Performance Optimization – Checking Item Count Before Foreach Loop

cperformancerefactoring

I saw this in code and was wondering if there is any performance benefit to checking the item count prior to looping:

if (SqlParams.Count > 0)
    foreach (var prm in SqlParams)
        cmd.Parameters.Add(prm);

I always prefer to do a null check instead and let the foreach loop just hop out if there are 0 items.

if (SqlParams != null)
    foreach (var prm in SqlParams)
        cmd.Parameters.Add(prm);

Isn't that the better way?

Best Answer

Ultimately, the best answer is to actually test it. Make a method which loops over an empty array with and without checking the length first, call each 100,000 times and see which has a faster runtime.

public void withCheck(Integer[] array) {
    for (int i = 0; i < 100000; i++) {
        if (array.length > 0) {
            for (Integer i : array) {
                // nothing to do.
            }
        }
    }
}

public void withoutCheck(Integer[] array) {
    for (int i = 0; i < 100000; i++) {
        for (Integer i : array) {
            // nothing to do.
        }
    }
}

public void test() {
    long startTime = System.currentTimeMillis();
    withCheck();
    System.out.println("Time with check: " + (System.currentTimeMillis() - startTime) + "ms");
    startTime = System.currentTimeMillis();
    withoutCheck();
    System.out.println("Time without check: " + (System.currentTimeMillis() - startTime) + "ms");
}

When I write code like this, I generally ponder this as a trade-off between code readability and perceived or potential performance. In other words, adding a if (count > 0) check negatively impacts the readability, even though by a very small amount. So what is the gain? I presume there is very little or no advantage, but like you, I have not actually tested it. What I can tell you is that in all my years profiling, I have never found looping over an empty array to be a bottleneck.

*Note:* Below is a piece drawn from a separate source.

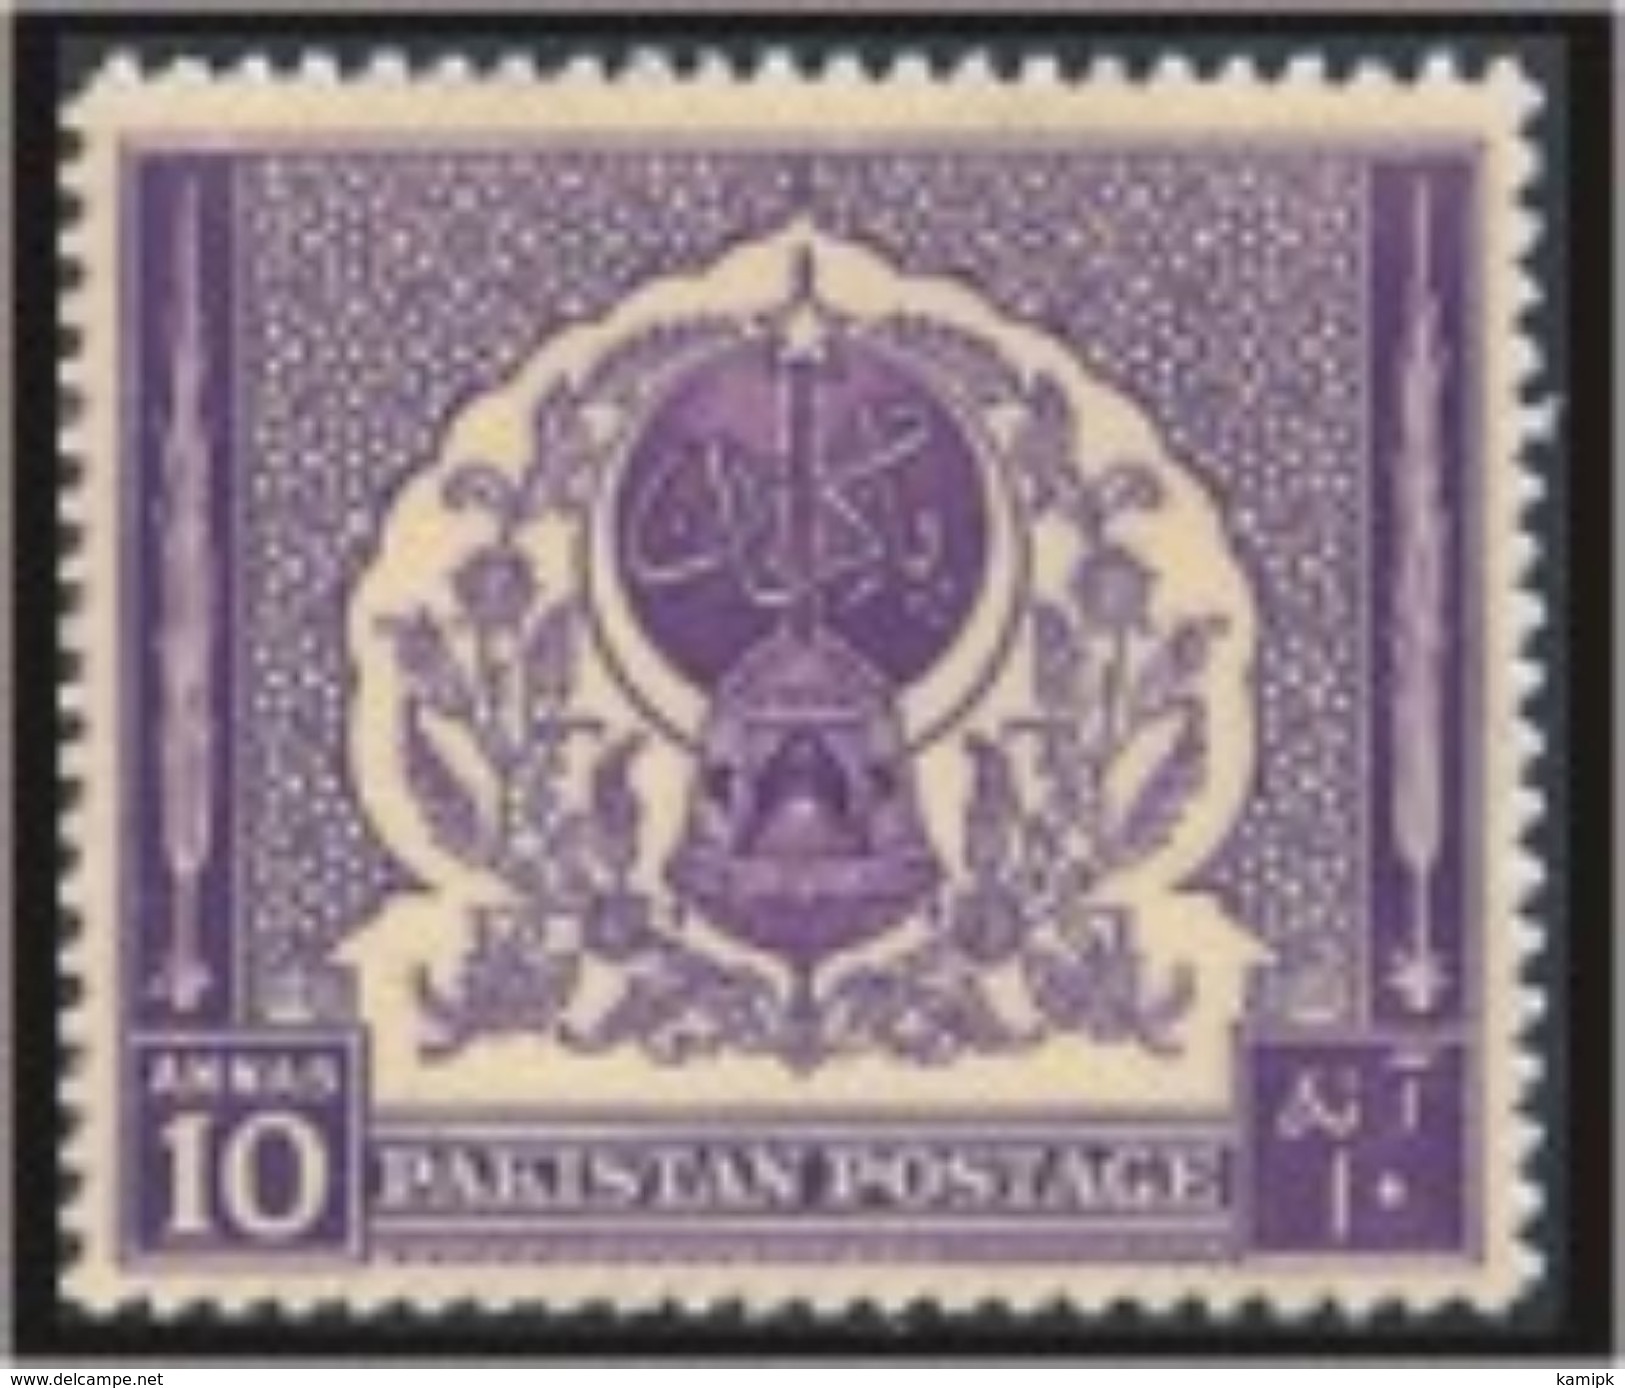 PAKISTAN MNH** STAMPS 4th Anniversary of Independence 14th August 1951

Technically, it depends on how the iterator works. For a foreach loop like you have, you are creating an iterator object behind the scenes. My expectation would be, and again, this is unverified, is that the iterator object FOR AN ARRAY would simply be implemented like this (this is Java, but C# is probably comparable):

public class ArrayIterator<T> implements Iterator<T> {
    private int next = 0;
    public T next() {
        return backingArray[next++];
    }

    public boolean hasNext() {
        return next < backingArray.length;
    }
}

So iterating over such an iterator should exit out very quickly because hasNext() will return false. Notice it's the same check that your if statement would do.

Now if you are iterating over a linked list, the implementation should be different. If you explicitly check the size, you may be forcing it to scan the linked list. In Java, LinkedList.size() checks an explicit size variable so it doesn't walk the list, but I don't know how .NET implements it.

Another way to look at this is how likely is the collection to be empty? If that is a rare case, then if the theory that iterating over an empty array takes time is true, then adding an explicit check for empty first would only be faster if the collection is usually empty. If not, you are theoretically slowing down your average case just to slightly speed up your worst case.

Again, these are all theories and the timings are on the micro-level, so take it with a grain of salt.

TL;DR

It depends on the type of collection, the runtime platform, and the typical collection size, but intuitively, it seems unlikely to speed anything up in most situations. But the only way to know for sure is to test it.